Dr. David and Dr. Joseph Switzer, brothers and two of only a handful of physicians in Jean Ville were Daddy’s friends. The older brother, Dr. David, lived directly across South Jefferson Street from our house and had delivered all five of us kids. He made house calls when I was sick and reminded me of the Santa Claus I had believed in when I was little—what with his jolly, loving manner, and all.
Daddy said God was colorblind.
But while he talked, I thought about the different things Mama had taught us. Mama was what you might call, prejudice—I mean, she thought differently.
“I’m from North Louisiana” she said. “Where Negroes are Negroes. They know their place, and there aren’t many of them.
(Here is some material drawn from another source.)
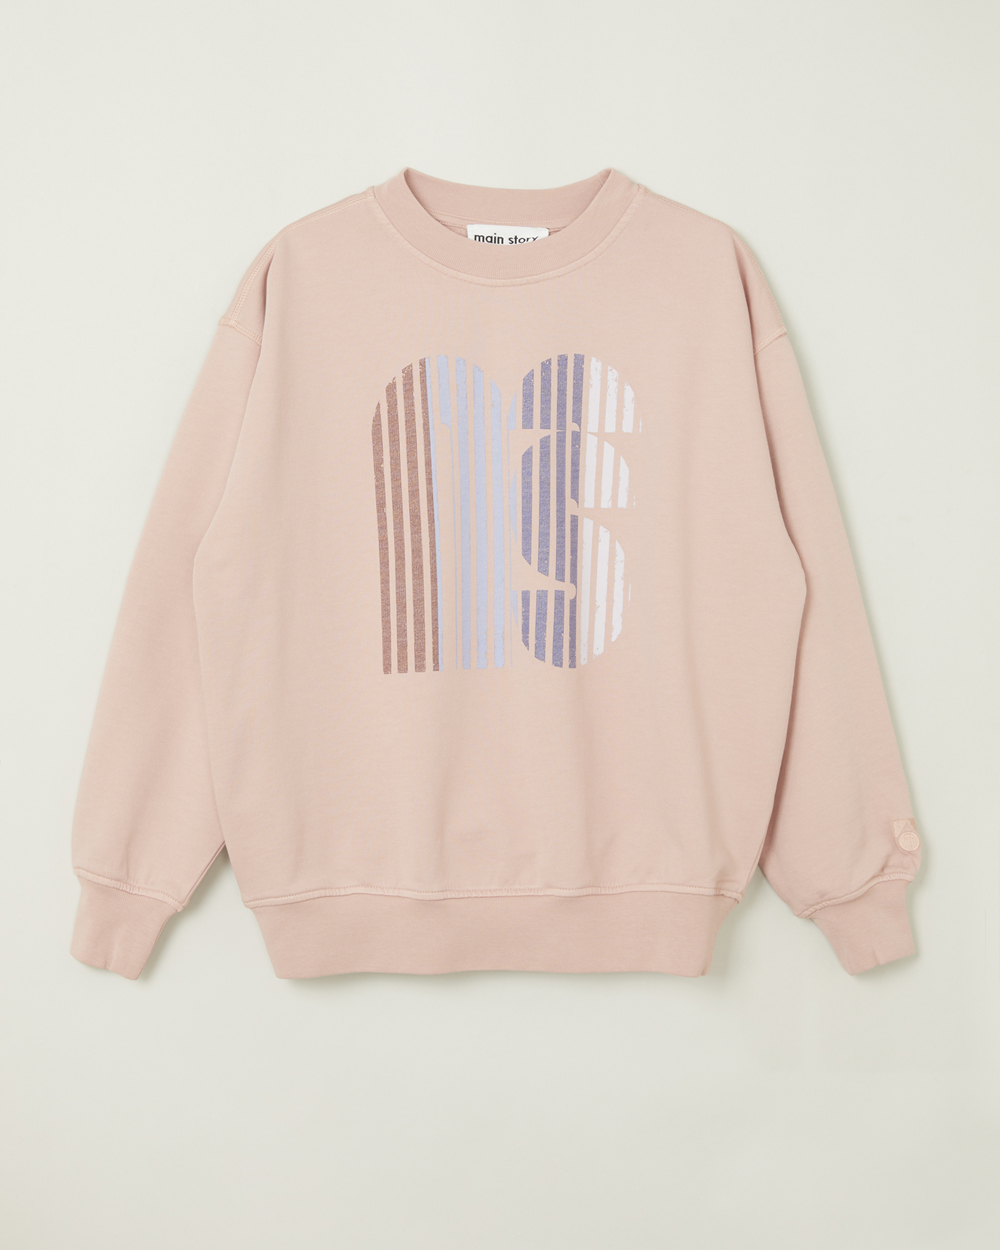 [MAINSTORY]Oversized Sweatshirt - Misty Rose [14Y]

We ran the uppity ones off early on.” She told me and my brothers to stay away from, “those people,” except for our help, Tootsie. But even with Tootsie, there were lines we shouldn’t cross, like going to visit her in the Quarters or kissing her brown cheek.
Mama rolled her eyes behind Daddy’s back when he talked about coloreds being people and God loving us all the same. We’d laugh to each other because we knew she’d tell us the opposite once Daddy was gone. When he wasn’t around she told us colored people had tiny brains and were the “inferior,” race. And she treated Tootsie something terrible, didn’t pay her much money, and made poor Tootsie do all the dirty work like scrubbing toilets and sifting through garbage if we lost something. I always wondered why Tootsie stayed. She could have worked for any white family in Jean Ville but she worked for Mama until I went off to college, years later.
The Klan visit only made Daddy more determined not to change his stance on colored people. One day I heard him tell Mama that he had coffee with Mr. Ray Thibault at Charlie’s Diner downtown every morning before heading to the Toussaint Bank where he was vice president at the time.
“I love to watch the looks on the faces of the sheriff and his cronies when they come in the front door, look around, and spot me at the corner table with Ray,” he said. “They’ll have to do more than burn a cross in my yard and paint words on my house to make me change who I am as a man.”
“I don’t know why you have to be friends with that Negro,” Mama said. “There are lots of white men in this town who admire you and want to be your friend. Why do you waste your time?”
“Ray and I have a lot in common,” he told her. Then he proceeded to explain all the reasons why it didn’t matter what color Ray Thibault’s skin was. Mama listened and rolled her eyes behind his back.
I thought about the only two colored people I knew, Tootsie and Catfish. Tootsie had been with us since I was an infant and I never thought of her as any color. She was more of a mother to me than my own, and I loved her almost as much as I loved God.
Catfish was a dark man who walked in front of our house every afternoon on his way home from work. I first met him when I was little, about six or seven.